___ RECORDS PROVIDED
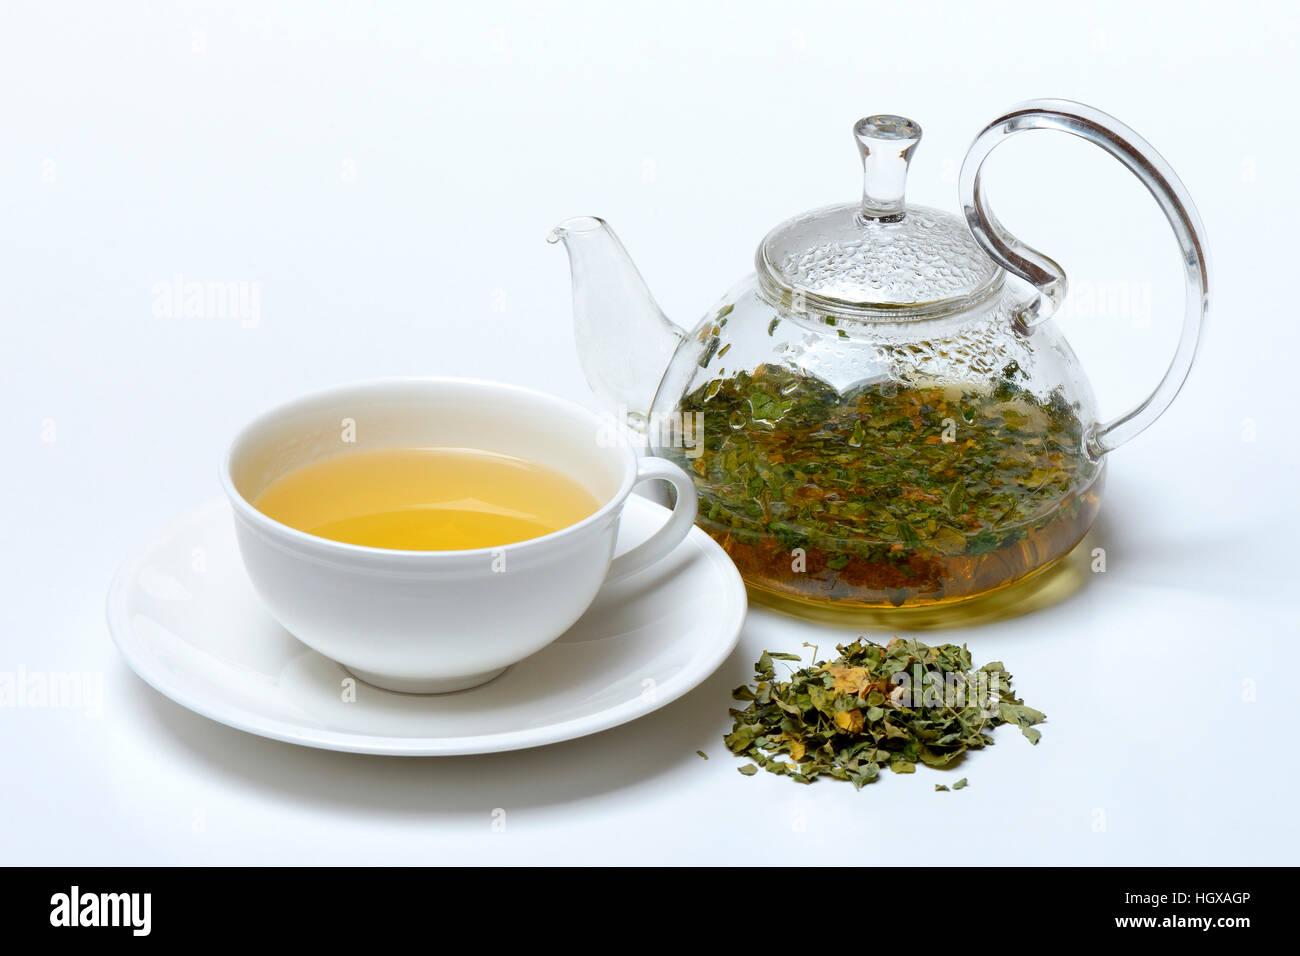 Moringa-Tee in Tasse und Teekanne und Moringablaetter, Moringatee Stock Photo
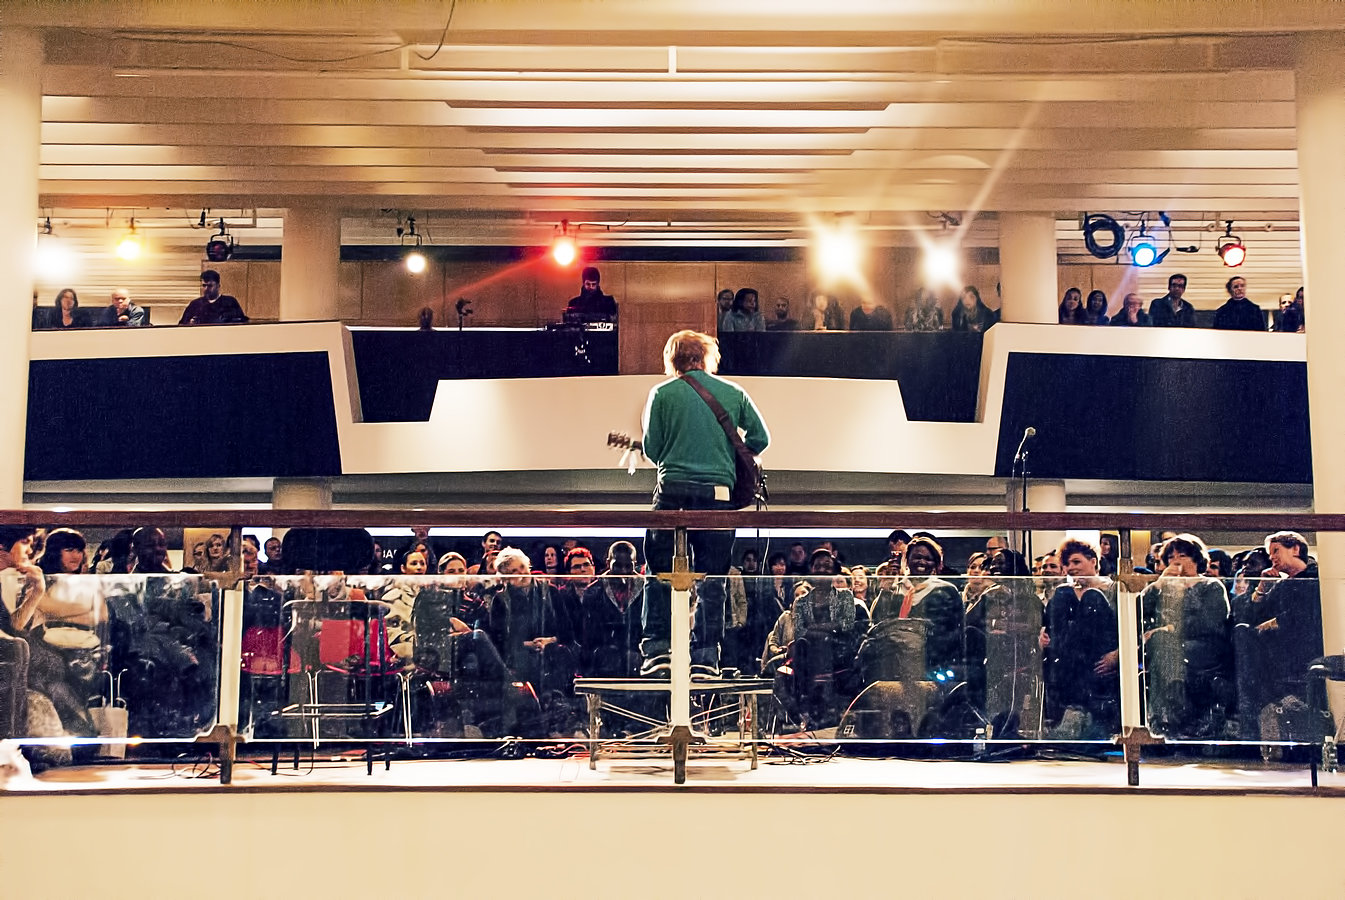 Ed Sheeran, Southbank Center, London
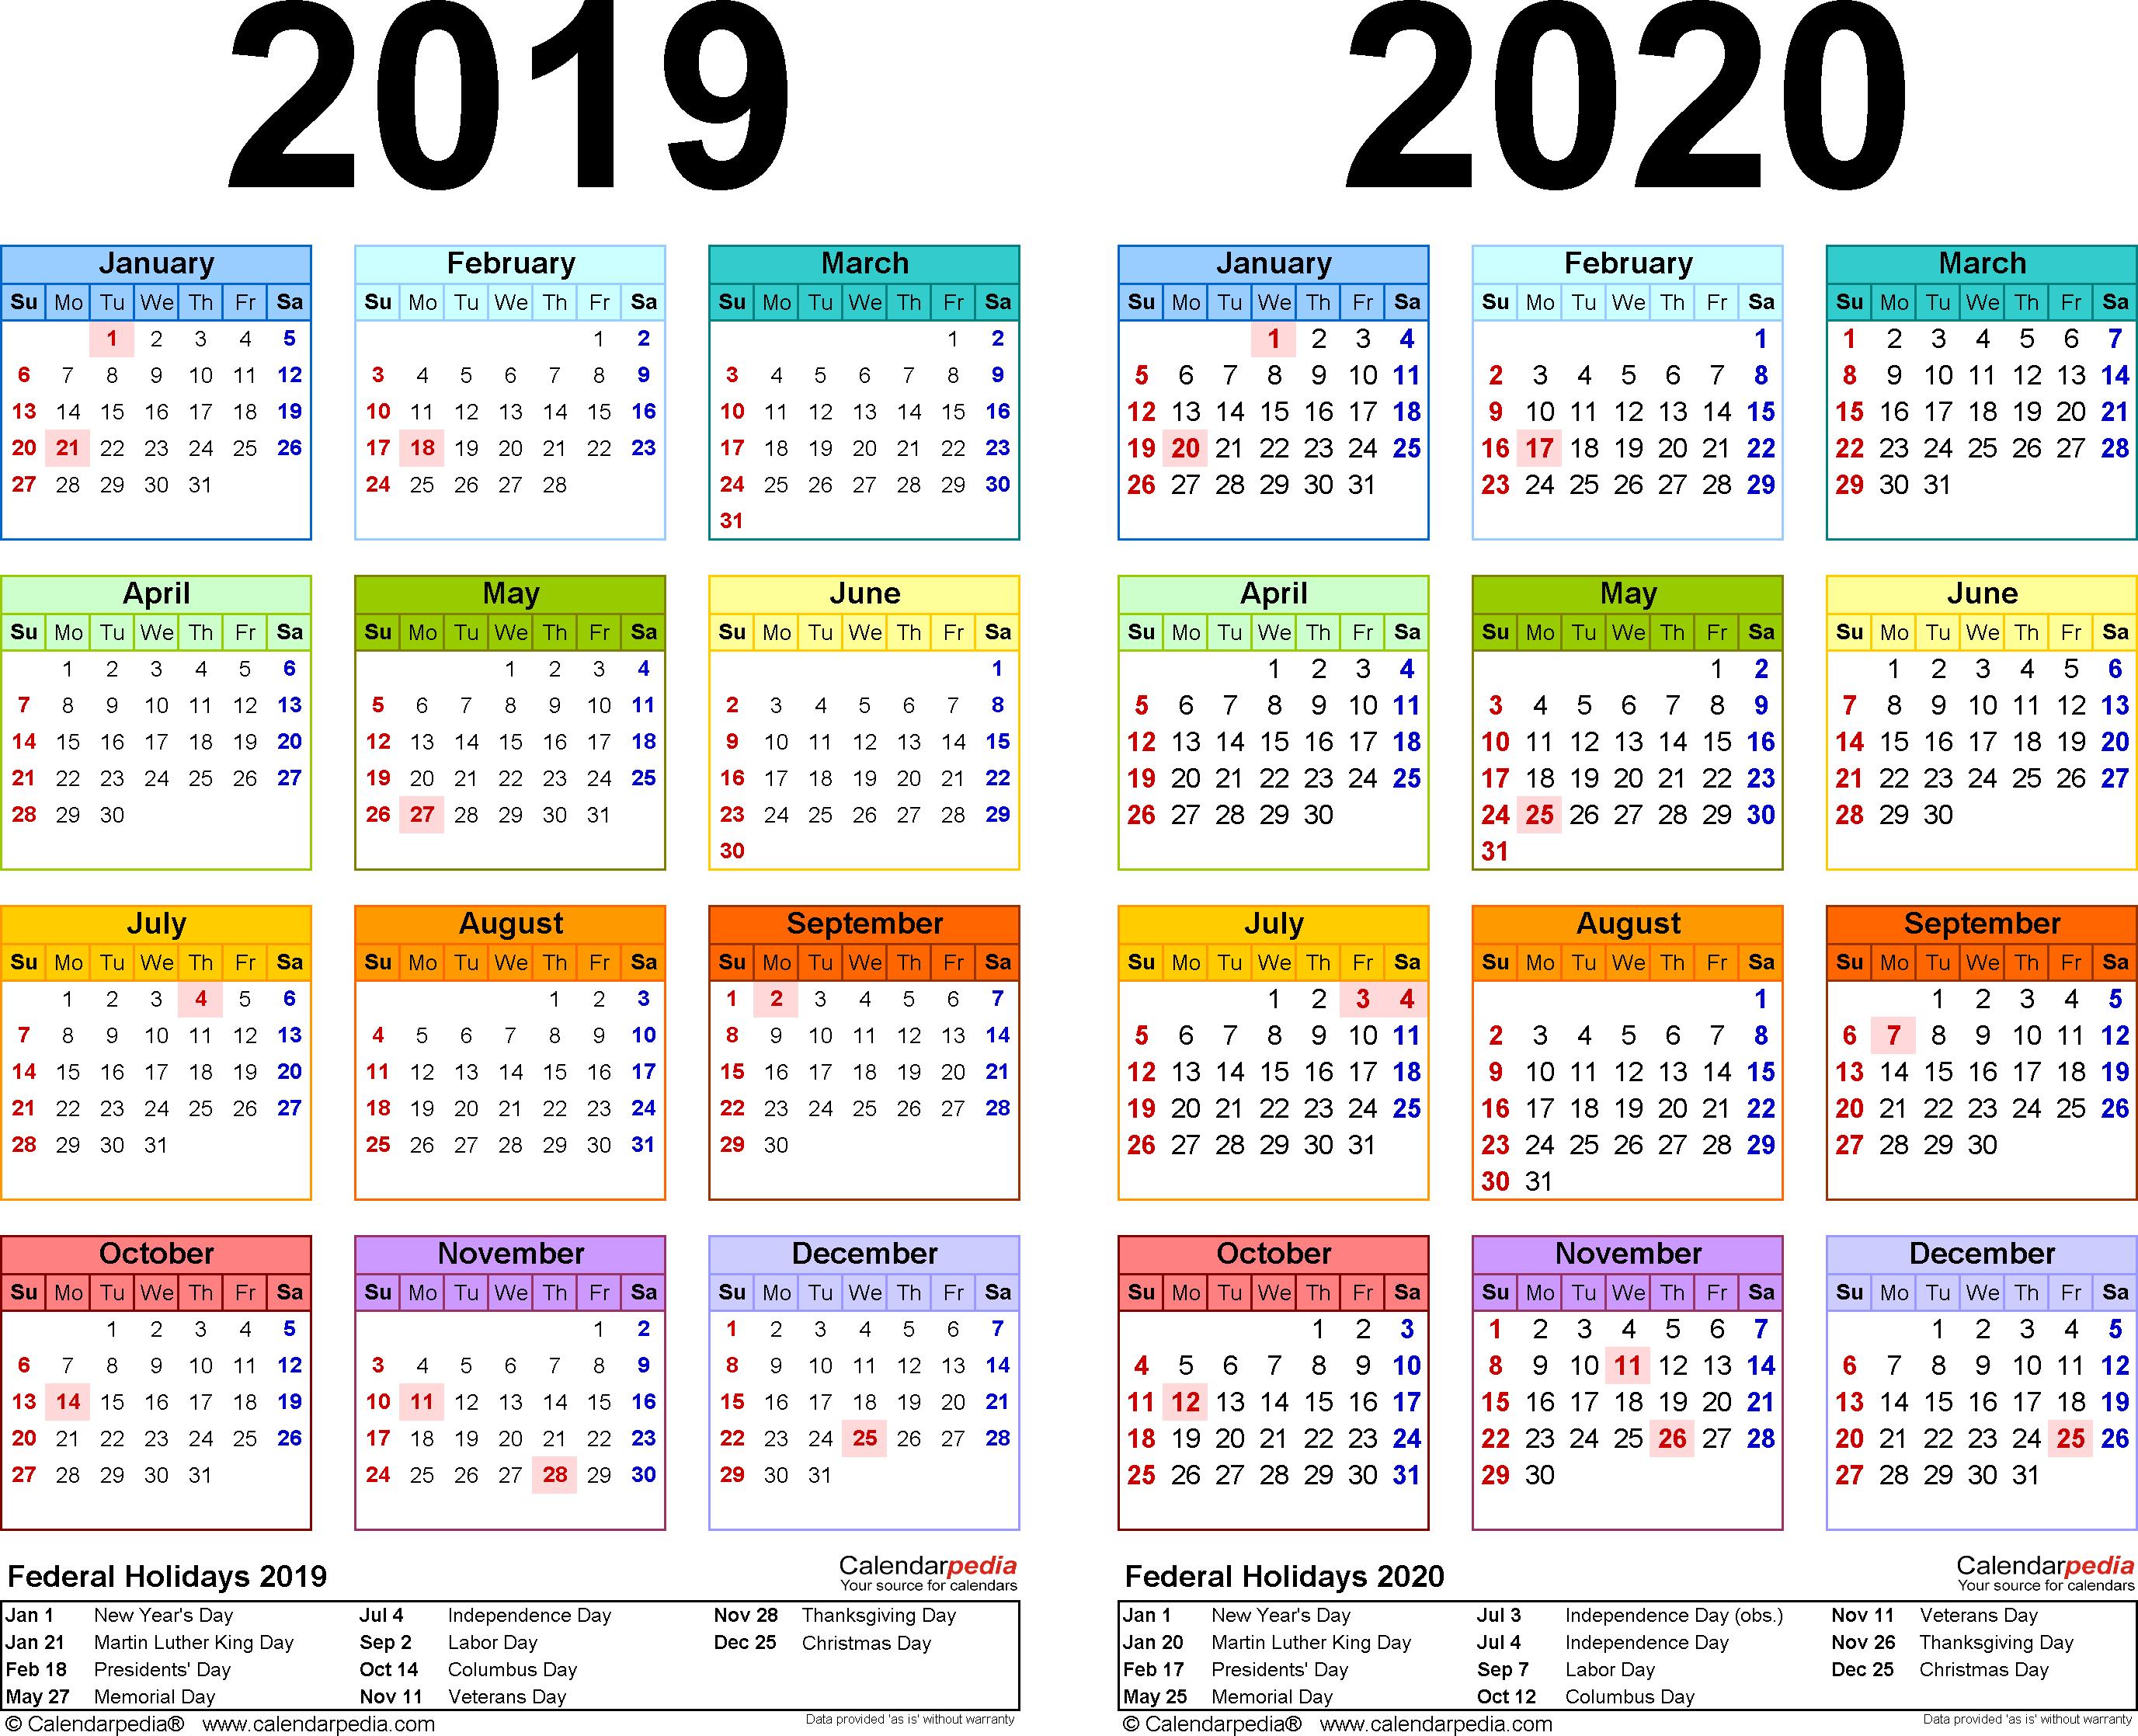 2019 2020 School Year Calendar With Holiday Us - Google Search throughout 2020 Yearly Calendar With Holidays
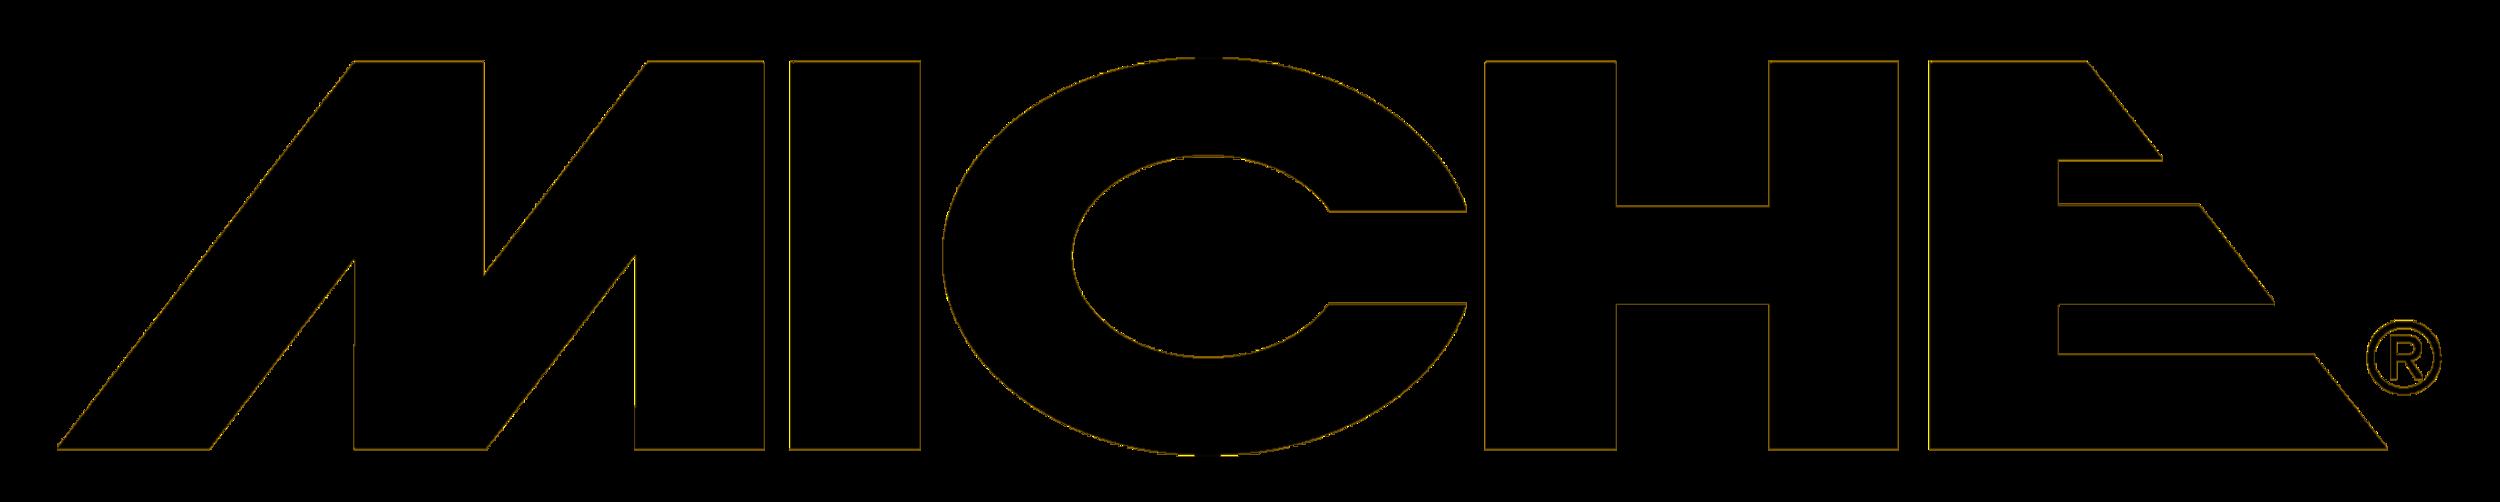 miche logo.png
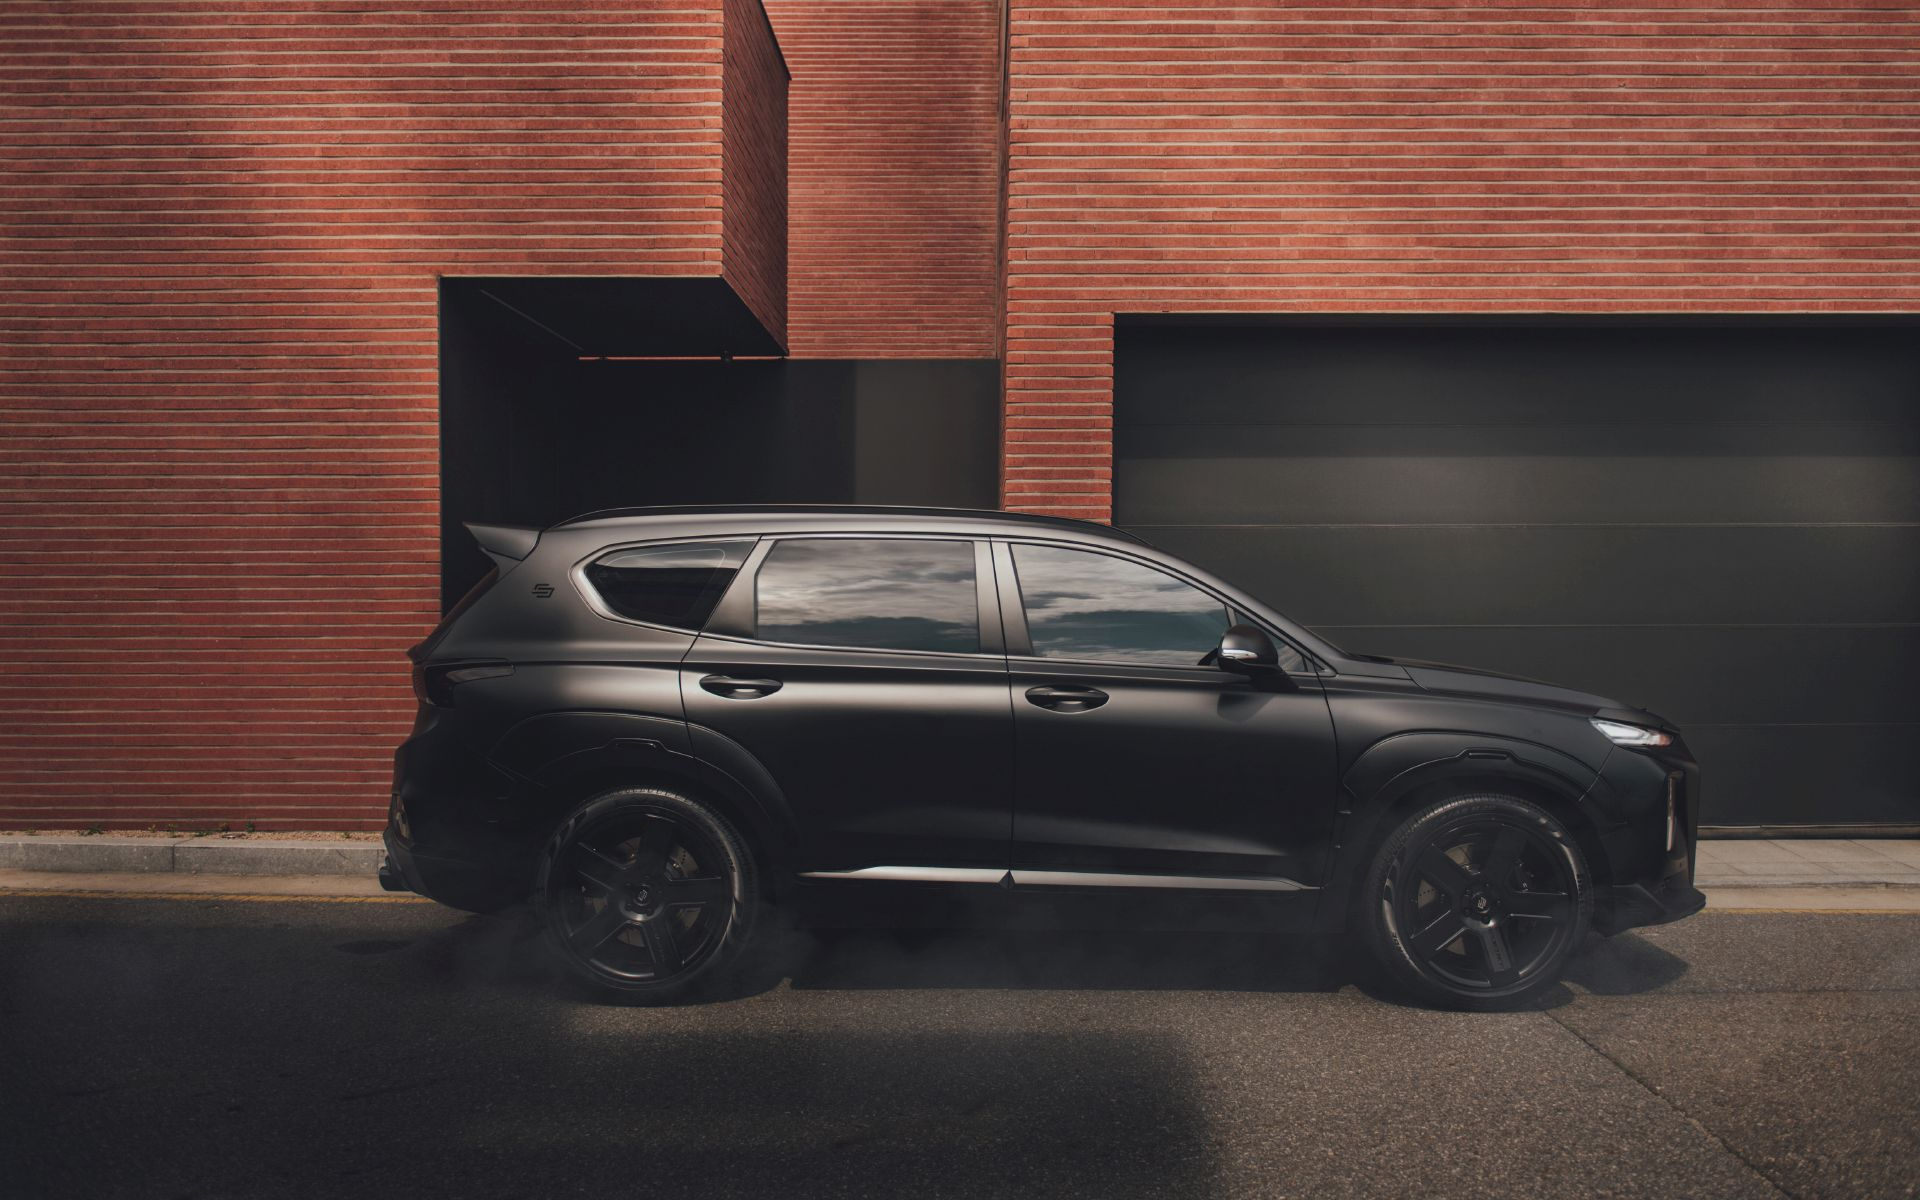 Hyundai-Santa-Fe-by-Carlex-Design-27
______
_WORK TASK_
From the first line to the last, set down the records exactly, leaving out images.

_ANSWER TO THIS EXERCISE_
 Moringa-Tee in Tasse und Teekanne und Moringablaetter, Moringatee Stock Photo
 Ed Sheeran, Southbank Center, London
 2019 2020 School Year Calendar With Holiday Us - Google Search throughout 2020 Yearly Calendar With Holidays
 miche logo.png
 Hyundai-Santa-Fe-by-Carlex-Design-27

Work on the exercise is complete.